The scale of the current economic crisis defies prediction, its many impacts unfurling in unexpected ways around the globe. Individual human beings, families, and entire communities, defined both by geography and by employment, face unprecedented levels of insecurity. If the best-laid plans can be dashed from one day to the next, there seems almost no point in developing projects for the future. The moral universe too has become topsy-turvy: the ‘casino capitalists’ continue to reap colossal profits, even as the many thousands of lives that have been ruined by such extravagant gambling go to the wall. Virtue may be its own reward, but it seems clear that for the powerful, profligacy often pays. A strange world, indeed, which rewards greed and consumerism, and turns a blind eye to spectacular corruption, while awarding the Nobel Peace Prize to Mohammad Yunus, founder of the Grameen Bank, whose very success hinges on the insistence that loans be repaid, however small and however poor the borrower.

Two good things to come out of this are, first, a growing distaste for wasteful consumption among those able to afford it in the first place; and second, a greater openness to new ideas, as the realisation dawns that neo-liberal prescriptions helped to fuel the crisis, both polarising whole economies and reducing the capacity of governments to deal with the consequences.
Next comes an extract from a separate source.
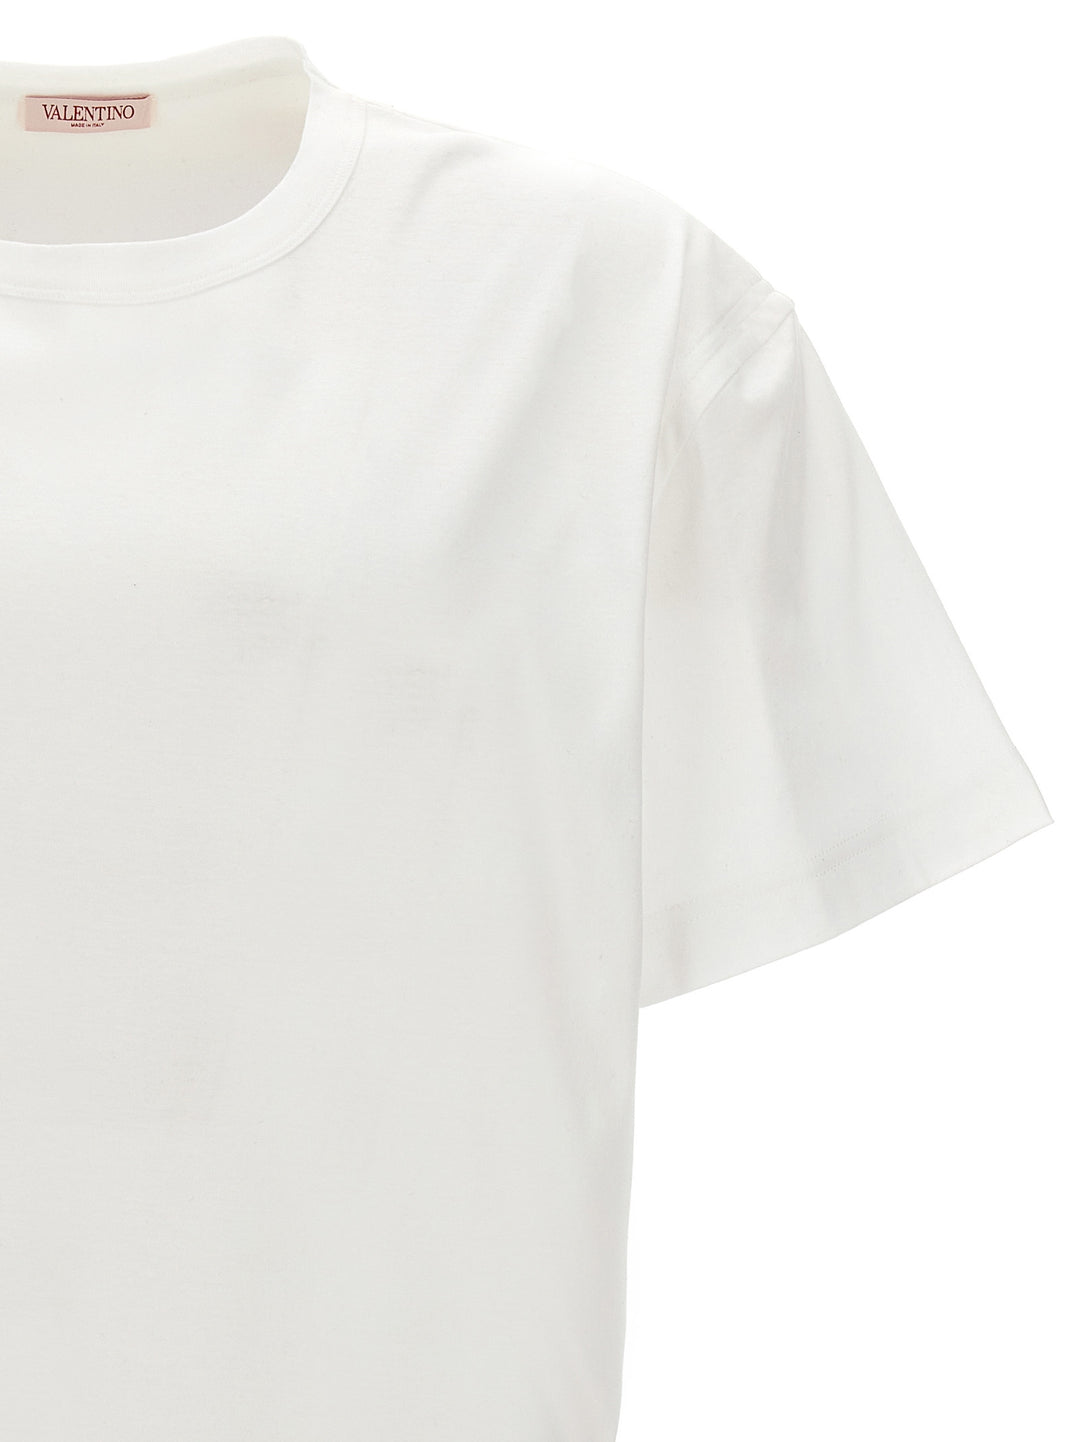 Maison Valentino Label T Shirt Bianco

Interestingly, several of the contributions to this issue use the metaphor of ‘paths’, which evokes the idea of a relaxed stroll at a sustainable and human pace, rather than hurtling around at break-neck speed in a 4x4 vehicle.

Peter Drucker argues that the global social-justice movement has embraced the non-economic dimensions of development but has generally treated sexual identities and sexuality as issues of citizenship, rather than relating to alternative development strategies. It is essential to challenge hetero-normative assumptions in order ‘to understand the role of gender and sexuality in the ways in which families and communities are structured and the ways in which family and community intersect with the state and economy’. Further, ‘queering’ often taken-for-granted concepts such as democracy, community, and empowerment will necessarily take development in new and potentially more nurturing directions.

Donald Curtis and Yeow Poon consider the dissonance between the uncertainties that are inherent in any development process and the continuing obsession with management tools that seek to pin everything down from the outset. They call for an open management style that is at ease with adaptation to circumstance, arguing that this approach also enables accountability to be ‘an interactive learning process’, and not simply the upward reporting to donors that tools such as Log Frame encourage. Dissonance is also addressed by Jon Cloke in his critique of the potential for progressive development NGOs to mediate between civil society, the state, and the market in relation to the General Agreement on Trade in Services (GATS), given that so many have yielded to donor pressure to move away from engaging with grassroots mobilisation and towards poverty-alleviation and service-provision activities that complement the role of the diminished state. While it may be argued that ‘donor pressure’ is probably as much a convenient smokescreen as a concrete reality, the author’s message is that NGOs cannot have it all ways: opting for certain roles effectively rules out others.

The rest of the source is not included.